Malaria deaths have fallen significantly since the early 2000s, when 700,000 people died each year, progress undoubtedly aided by the WHO’s decision in 2006 to rescind the genocidal ban on use of DDT, the most effective and cheapest insecticide against mosquitoes, which the British Empire’s environmentalist movement had imposed, based on lies in the mid-1970s.

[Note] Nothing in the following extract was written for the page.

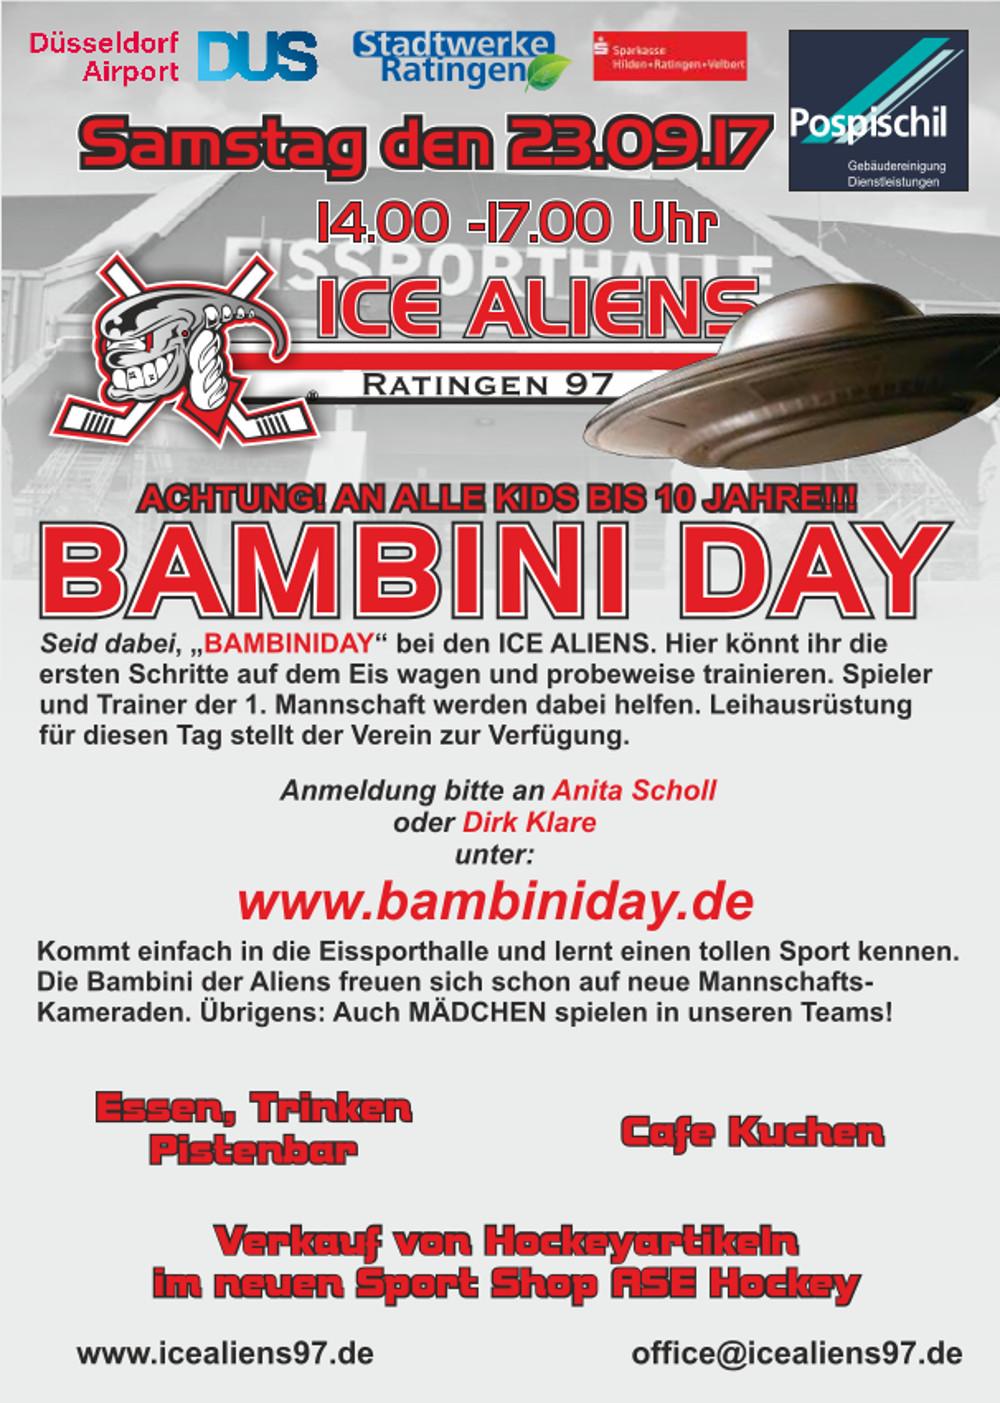 Heiß auf Eis!? Bambini-Day bei den Ratinger Ice Aliens!
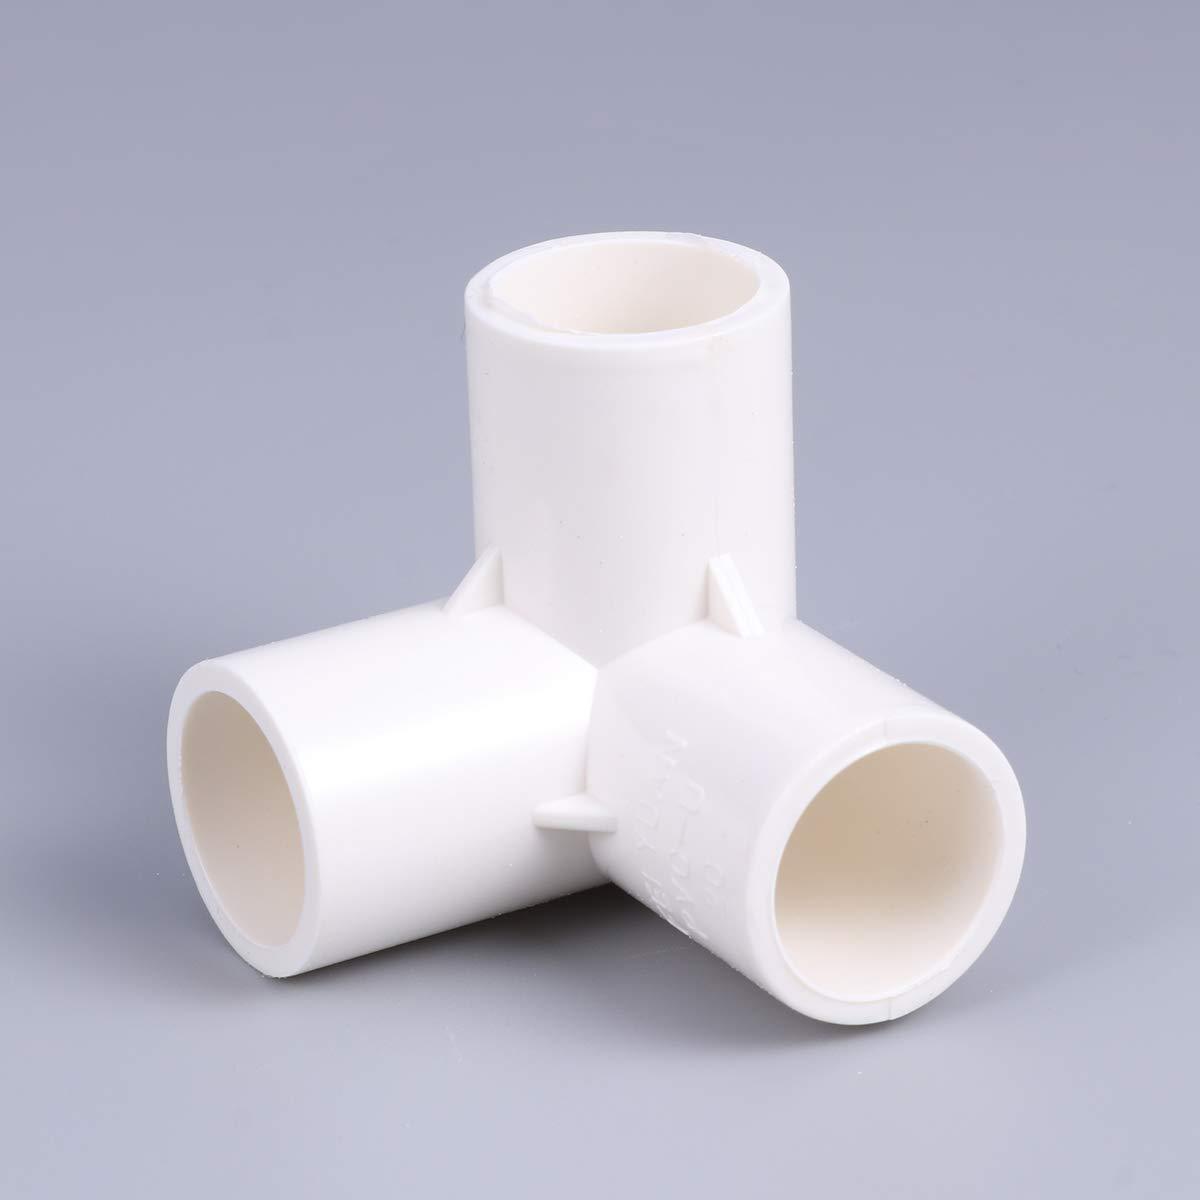 Yardwe 10pcs joint /à 3 voies raccord de raccord de tube de tuyau deau en PVC blanc

WHO Regional Director for Africa Dr. Matshidiso Moeti pointed out at the release of this year’s report, that the weakness of national health systems in Africa is a major reason why progress in the battle to eradicate malaria has stagnated in Africa since 2016. Countries are unable to deploy adequate surveillance programs, and 31% of children under five cannot get even simple fever-reducing drugs when they contract malaria. The continued “tremendous progress” in malaria eradication reported in Southeast Asia’s Greater Mekong subregion underscores, that the real killer here is the refusal by the reigning Western economic system to allow or provide basic infrastructure, both economic and health per se, to African countries.

At the release of the report, Dr. Matshidiso Moeti raised the moral issue begged by these statistics: “Why is it so ordinary and so normal that hundreds of thousands of mainly children, and other people, die of malaria every year?”